Generalizing the Boussinesq approximation to stratified compressible flow

Dale R. Durran; Akio Arakawa

doi:10.1016/j.crme.2007.08.010

Boussinesq approximation, geophysical flows

Generalizing the Boussinesq approximation to stratified compressible flow
[Généralisation de l'approximation de Boussinesq à un flux compressible stratifié]

Dale R. Durran ¹ ; Akio Arakawa ²

¹ Department of Atmospheric Sciences, University of Washington, Seattle, WA 98195, USA
² Department of Atmospheric and Oceanic Sciences, University of California, Los Angeles, CA 90095, USA

Comptes Rendus. Mécanique, Joseph Boussinesq, a Scientist of bygone days and present times, Volume 335 (2007) no. 9-10, pp. 655-664.

Résumé
Abstract

Les simplifications requises pour l'application de l'approximation de Boussinesq à un fluide compressible sont comparées avec celles d'un fluide incompressible. Le niveau plus élevé d'approximation requis pour décrire la conservation de la masse dans un fluide compressible stratifié au moyen de l'équation de continuité de Boussinesq conduit au développement de différents systèmes d'équations « anélastiques » qui peuvent être considérés comme des généralisations de l'approximation originale de Boussinesq. Ces systèmes anélastiques filtrent les ondes sonores tout en permettant une représentation des perturbations non-acoustiques plus précise que celle qui est obtenue avec le système de Boussinesq. Nous comparons les propriétés de plusieurs systèmes anélastiques quant à la conservation de l'énergie, sous l'hypothèse que les perturbations des variables thermodynamiques à partir d'un état hydrodynamique d'équilibre de référence sont faibles. Nous montrons que le système « pseudo-incompressible » conserve l'énergie cinétique totale et l'énergie anélastique statique sèche sans qu'il soit nécessaire de modifier aucune des équations principales, sauf l'équation de continuité.
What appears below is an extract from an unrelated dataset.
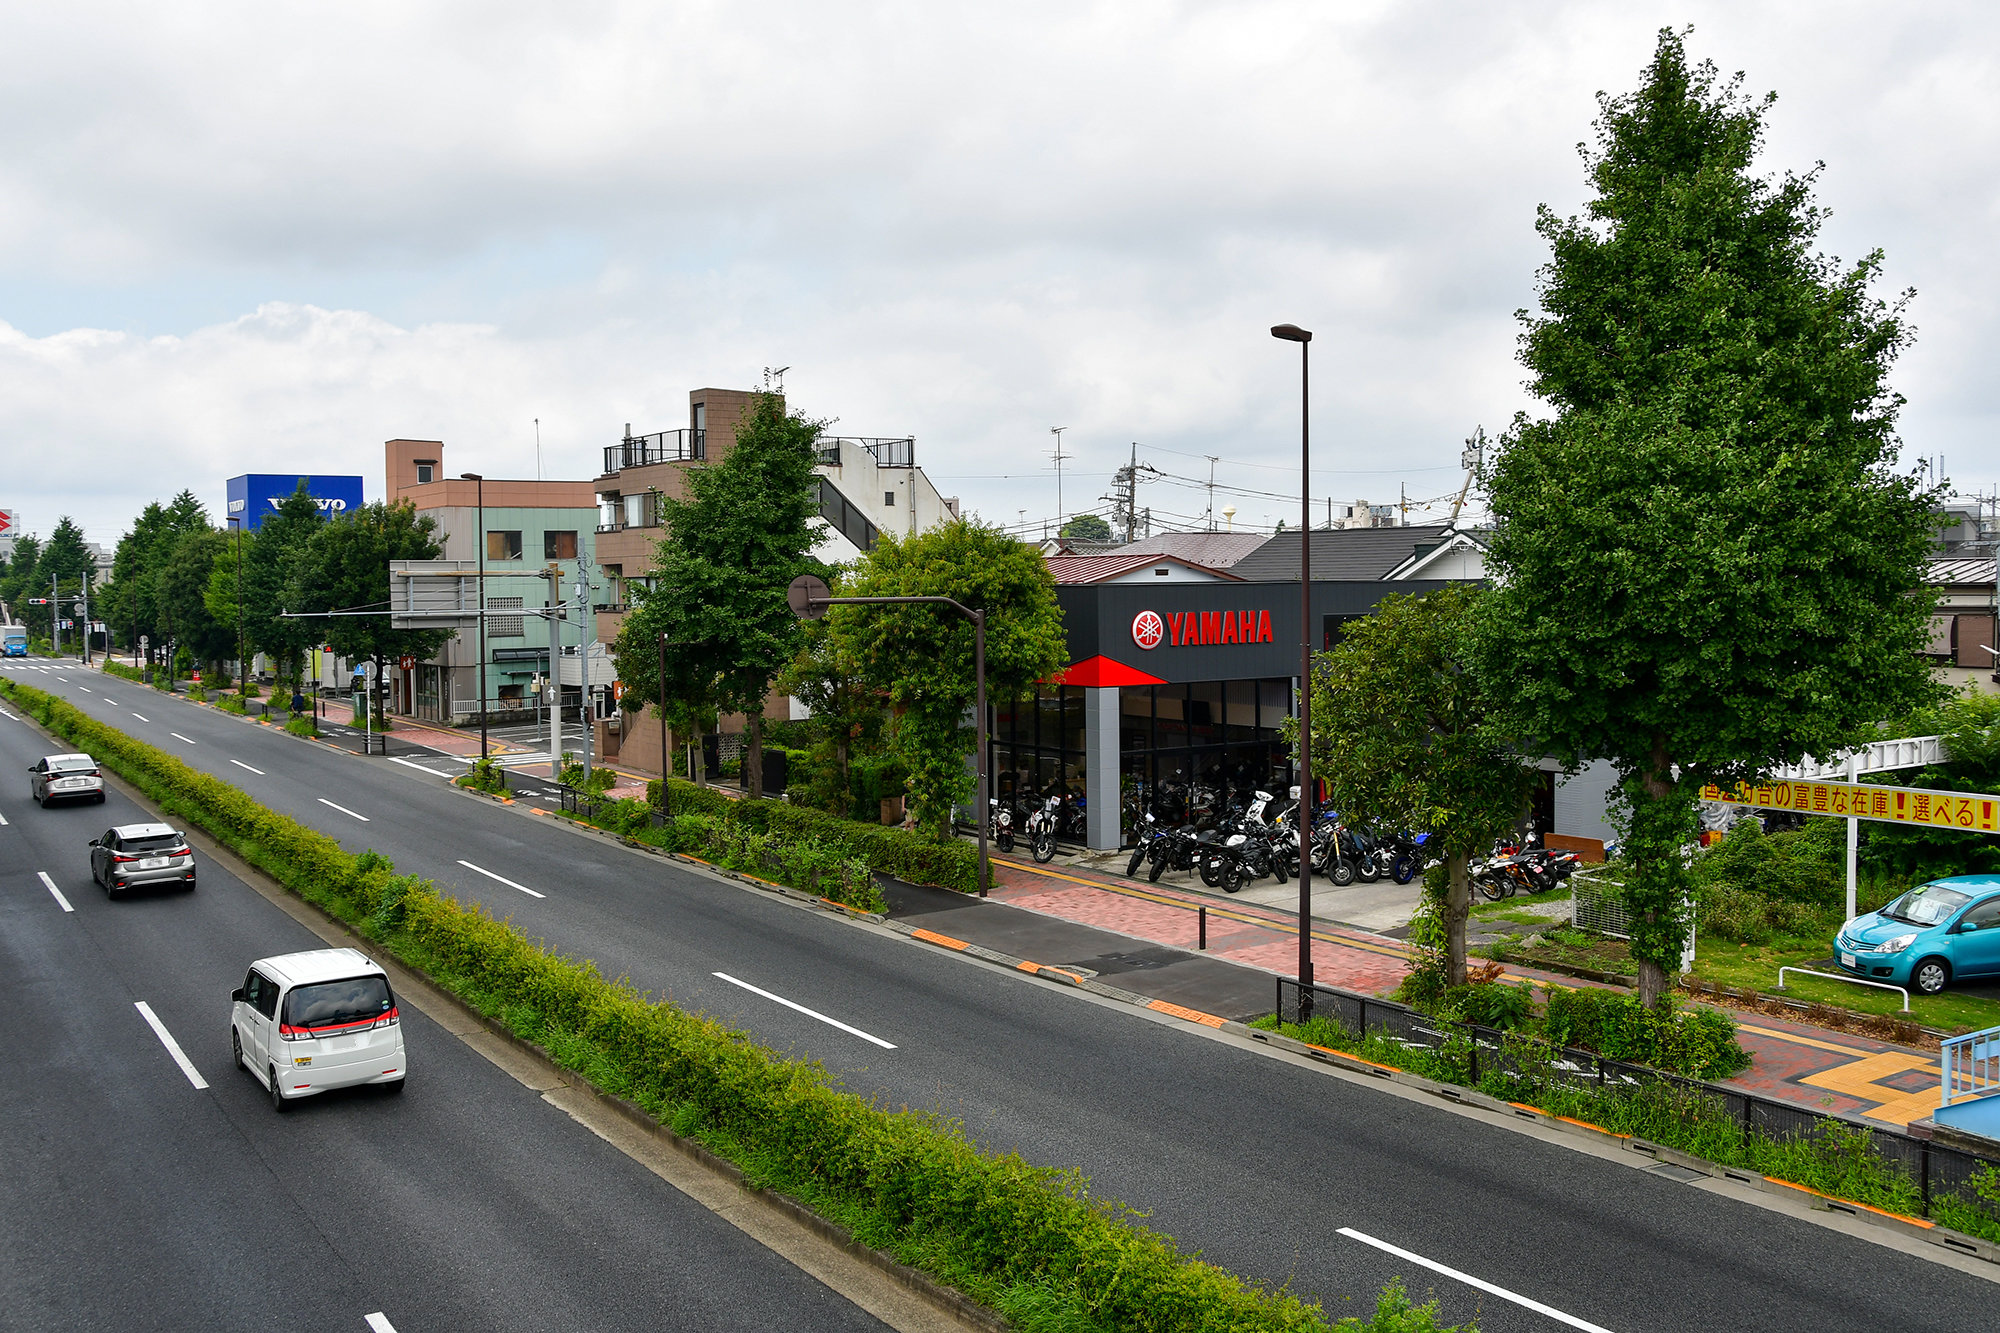 JR中央線・三鷹駅からバスで15分ほど、京王線・調布駅からもバスで20分弱と、JRと京王線どちらからもアクセスが可能です。

Au contraire, d'autres systèmes anélastiques conservant l'énergie requièrent des approximations supplémentaires dans d'autres équations principales. Le système « pseudo-incompressible » inclut les effets des changements de température sur la densité dans l'équation de conservation de la masse, alors que cet effet est omis dans d'autres systèmes anélastiques. Nous présentons une généralisation de l'équation pseudo-incompressible et la comparons avec l'équation diagnostique de continuité pour un flux quasi-hydrostatique dans un système de coordonnées transformé dans lequel la coordonnée verticale est fonction de la seule pression.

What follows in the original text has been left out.